0. , 0. , 0. , 0. , 0. ,
0. , 0. , 0. , 0. , 0. ]],
dtype=float32)>, <tf.Tensor: id=85565, shape=(1, 100), dtype=float32, numpy=
array([[1., 0., 0., 0., 0., 0., 0., 0., 0., 0., 0., 0., 0., 0., 0., 0.,
0., 0., 0., 0., 0., 0., 0., 0., 0., 0., 0., 0., 0., 0., 0., 0.,
....
0., 0., 0., 0., 0., 0., 0., 0., 0., 0., 0., 0., 0., 0., 0., 0.,
0., 0., 0., 0.]], dtype=float32)>, <tf.Tensor: id=85566, shape=(1,), dtype=int32, numpy=array([2], dtype=int32)>)

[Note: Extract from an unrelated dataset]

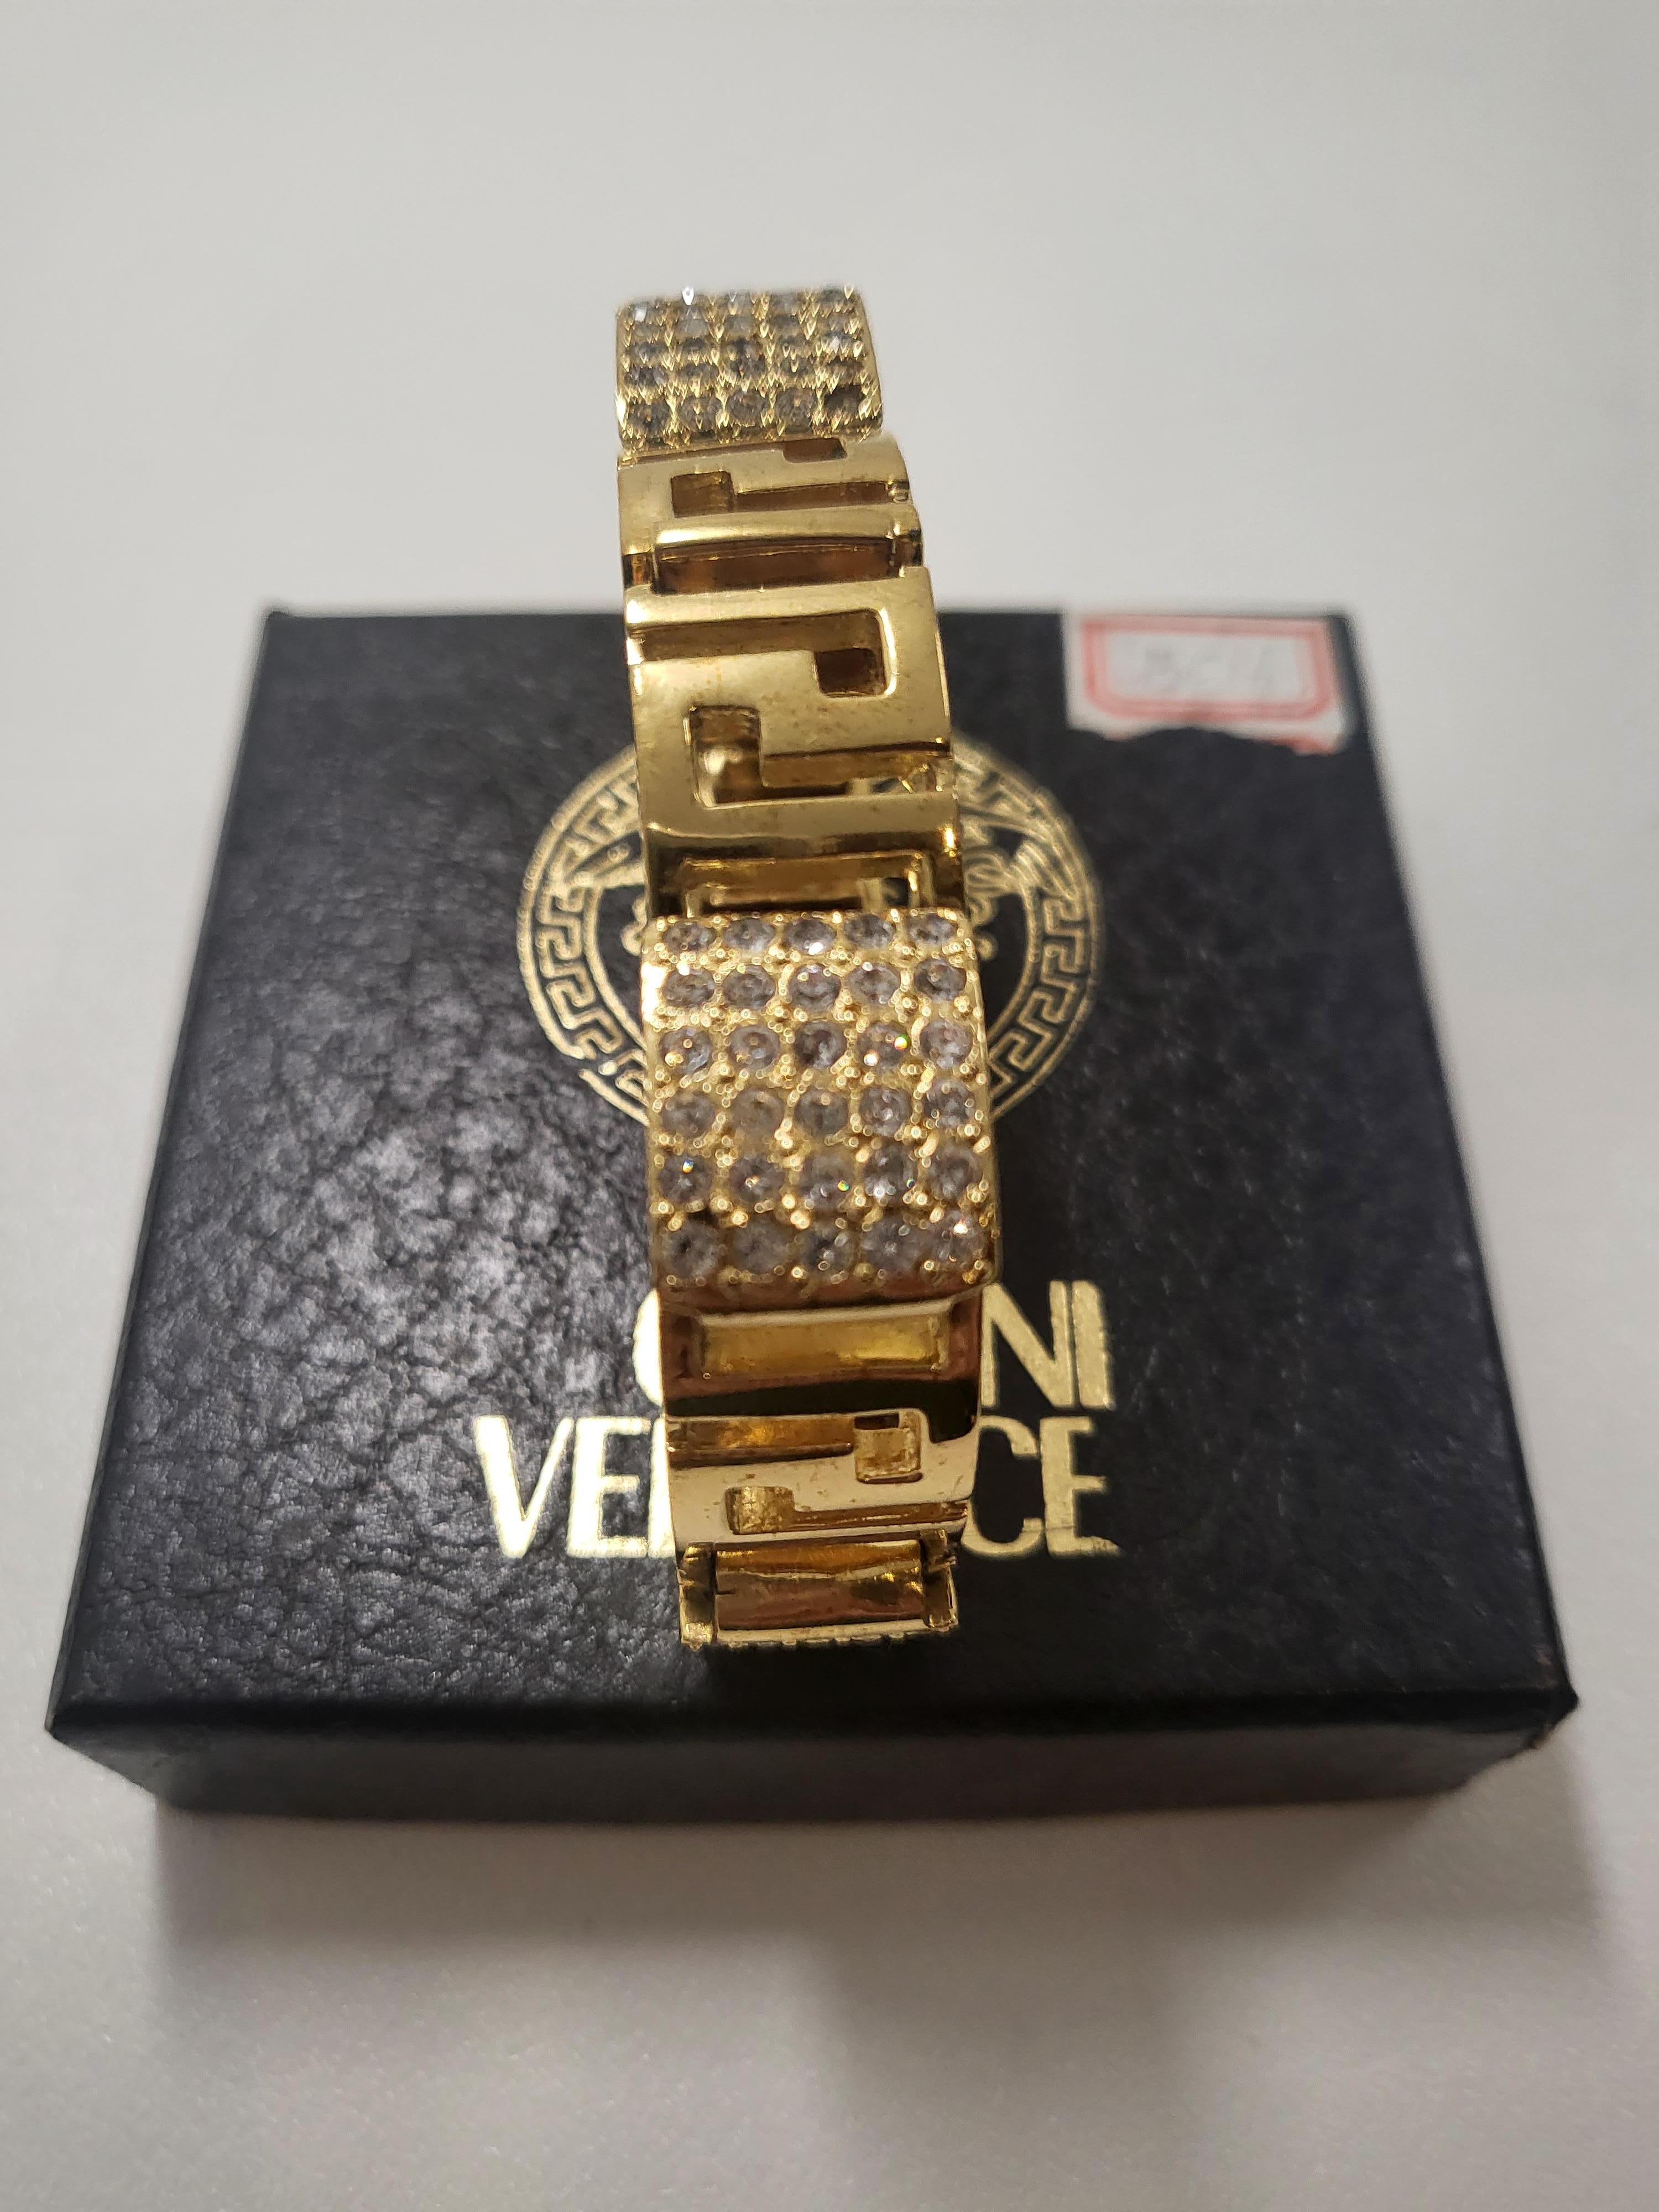 Adéntrate en el mundo del glamour vintage con la pulsera Gianni Versace Gold Rhinestones Greca Chunky Bracelet de los años 90, una obra maestra atemporal que encierra la opulencia y el estilo icónico de la época. Elaborada con meticulosa atención al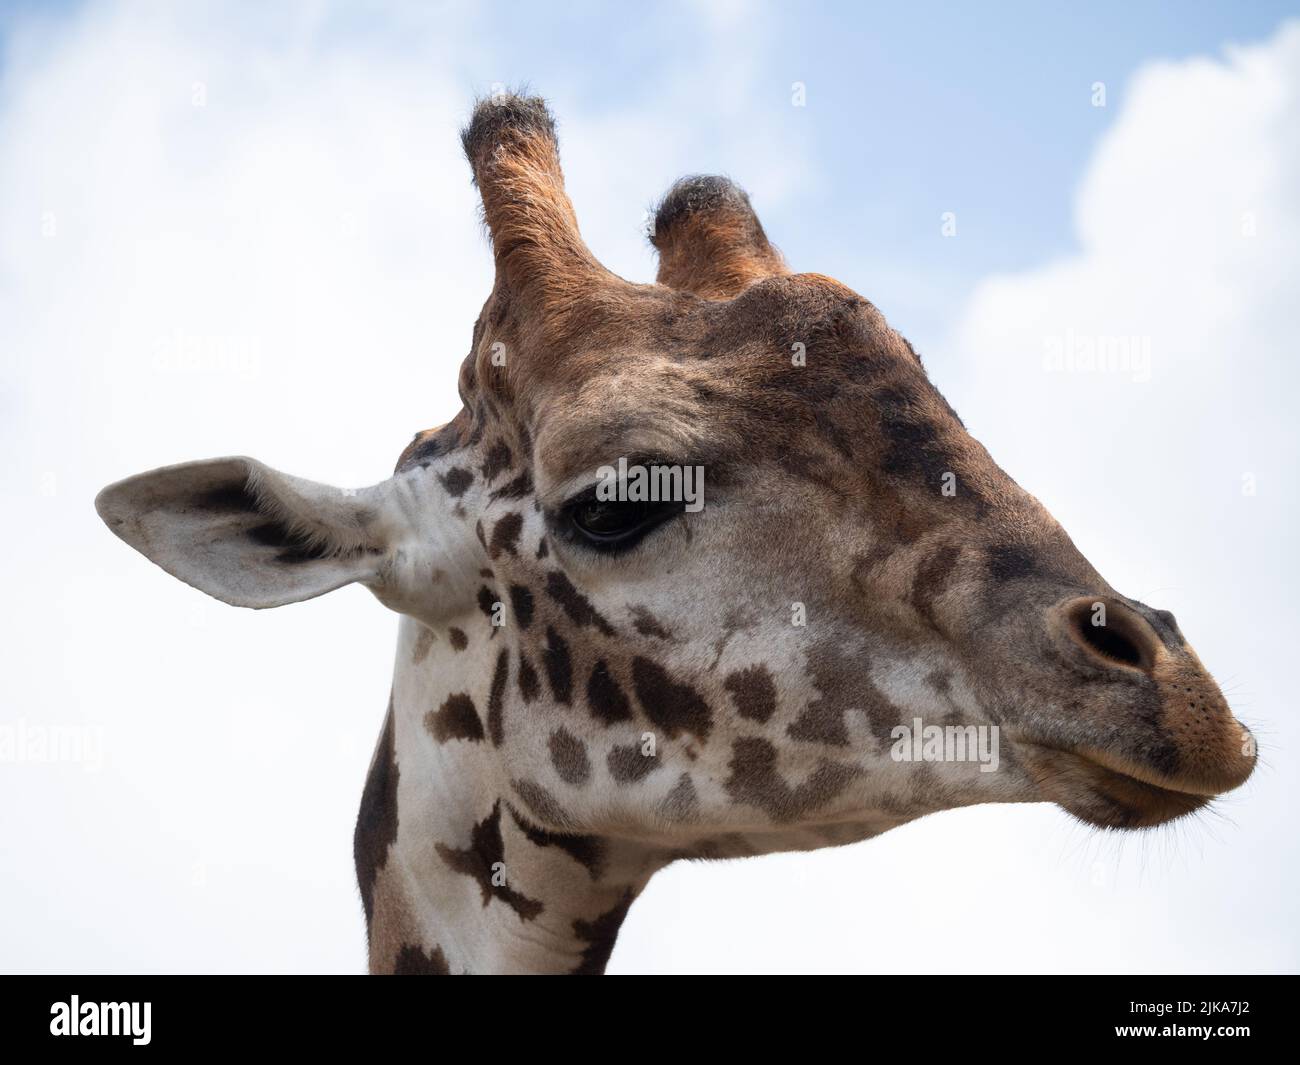 Extreme Nahaufnahme des Gesichts einer gefangenen Masai-Giraffe oder Giraffa camelopardalis. Fotografiert im Houston Zoo in Texas. Stockfoto

I debugged the TF and TRT SavedModel
signature and they’re different in the shape
:
TensorFlow:
The given SavedModel SignatureDef contains the following input(s):
inputs['input_1'] tensor_info:
dtype: DT_FLOAT
shape: (-1, -1, -1, 3)
name: serving_default_input_1:0
The given SavedModel SignatureDef contains the following output(s):
outputs['yolo_nms'] tensor_info:
dtype: DT_FLOAT
shape: (-1, 100, 4)
name: StatefulPartitionedCall:0
outputs['yolo_nms_1'] tensor_info:
dtype: DT_FLOAT
shape: (-1, 100)
name: StatefulPartitionedCall:1
outputs['yolo_nms_2'] tensor_info:
dtype: DT_FLOAT
shape: (-1, 100)
name: StatefulPartitionedCall:2
outputs['yolo_nms_3'] tensor_info:
dtype: DT_INT32
shape: (-1)
name: StatefulPartitionedCall:3
Method name is: tensorflow/serving/predict
TensorRT:
The given SavedModel SignatureDef contains the following input(s):
inputs['input_1'] tensor_info:
dtype: DT_FLOAT
shape: (-1, -1, -1, 3)
name: serving_default_input_1:0
The given SavedModel SignatureDef contains the following output(s):
outputs['yolo_nms'] tensor_info:
dtype: DT_FLOAT
shape: unknown_rank
name: PartitionedCall:0
outputs['yolo_nms_1'] tensor_info:
dtype: DT_FLOAT
shape: unknown_rank
name: PartitionedCall:1
outputs['yolo_nms_2'] tensor_info:
dtype: DT_FLOAT
shape: unknown_rank
name: PartitionedCall:2
outputs['yolo_nms_3'] tensor_info:
dtype: DT_INT32
shape: unknown_rank
name: PartitionedCall:3
Method name is: tensorflow/serving/predict
My questions are:
-
Am I doing the last part wrong, and I should use the
.trt
engine in another way? -
Is there a simple Yolov3-TensorRT which works on TensorFlow? (Currently checking: https://github.com/lewes6369/TensorRT-Yolov3 , but this is used with .caffe model, but still will check that out)
-
Should I try to convert to
.onnx
and there run the inference with the provided sample (NVIDIA (Sample Support Guide :: NVIDIA Deep Learning TensorRT Documentation) #number 30?)?